Il Cristo annuncia la libertà, e la vita. Scegli – dice – se vuoi la vita, seguimi: “Tu”!
La Parola chiave è “Tu”: “Tu va, e annuncia il Regno di Dio”.
“Tu”. perché riguarda me, te, presi singolarmente e non altri, vivi o morti, cui attaccarsi.
Al terzo aspirante non va molto meglio: “Ti seguirò Signore!”
Senza neanche essere stato interpellato, si offre: “Ma prima, permettimi di congedarmi dalla mia famiglia”.
Forse, chissà, avendo intuito la questione del lasciar seppellire i morti ai morti, pensa che però almeno bisogna salutare i propri cari, mentre sono vivi.
Ma Gesù dice: “Nessuno che ha messo mano all’aratro e poi si volge indietro, è adatto per il regno di Dio”. Non che non vada bene salutare la famiglia, per carità! Ma era stato detto fin dall’inizio:
“E l’uomo lascerà suo padre e sua madre…” (Gn 2,24).
Se abbiamo preso la decisione di seguire, abbiamo già salutato…

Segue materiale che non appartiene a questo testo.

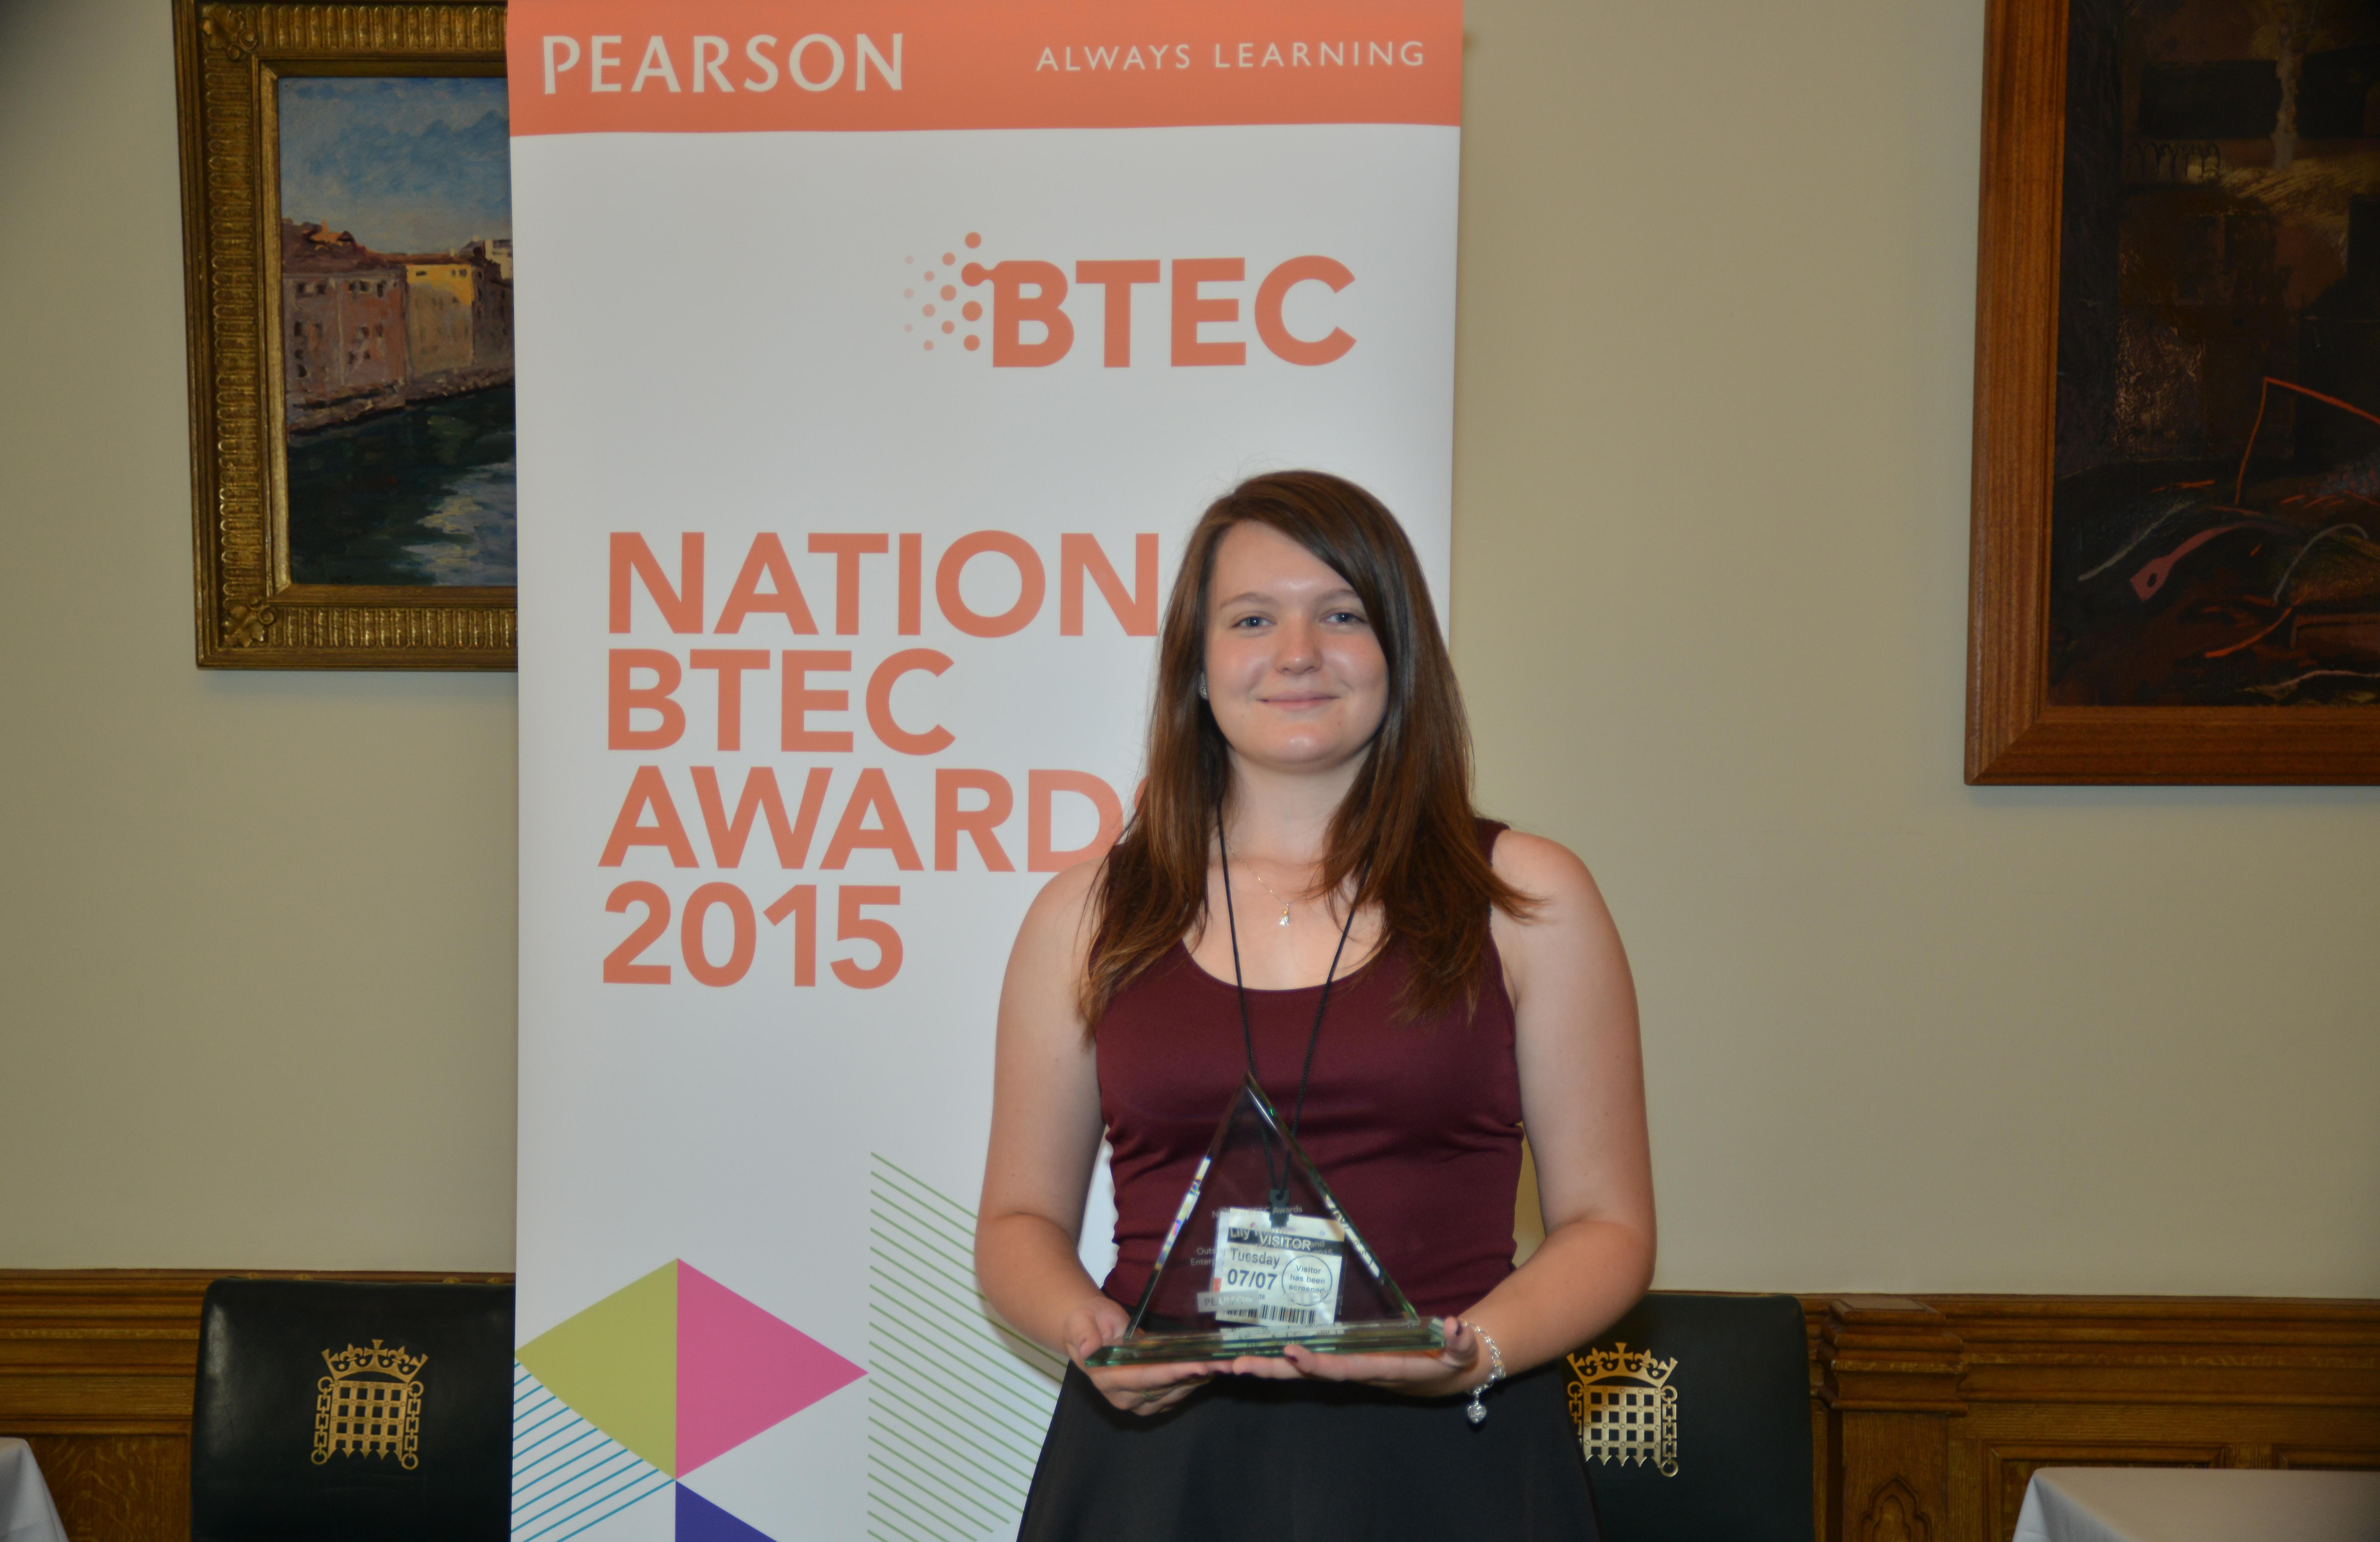 Megan Taylor, aged 19, Nescot College (Epsom)

Fare un passo indietro, mentre si vuole andare avanti, dice di un’intenzione che non c’è, di una decisione poco realistica, in cui i “ma” e i “però” spingono ad arretrare; hanno la funzione di distogliere l’attenzione dalla realtà del mondo, delle cose e da noi stessi.
Che dire?
Non si ha diritto di vegliare e seppellire i nostri morti? Si debbono abbandonare coniugi, figli, amici, famiglia? Dobbiamo dissimulare perfino l’entusiasmo dell’innamoramento?
Non penso proprio.
Piuttosto, attraverso immagini e repliche provocatorie, il Cristo dà piste e apre cammini.

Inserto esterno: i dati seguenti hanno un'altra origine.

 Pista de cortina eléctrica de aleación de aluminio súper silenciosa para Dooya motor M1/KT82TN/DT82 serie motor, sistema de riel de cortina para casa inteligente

Al momento di “seguirlo” sul serio, tutto il da farsi prende un altro aspetto.
Immagino si scopra di poter camminare sulle proprie gambe, insieme ad altri, passo dopo passo, ritrovandosi già fuori dal nido e dalla tana, di non aver bisogno di appellarsi ad una morale superiore, di essere in relazione con una famiglia assai più vasta di quella naturale; di non avere nemmeno il desiderio che fuoco e fiamme dal cielo inceneriscano i “peccatori”.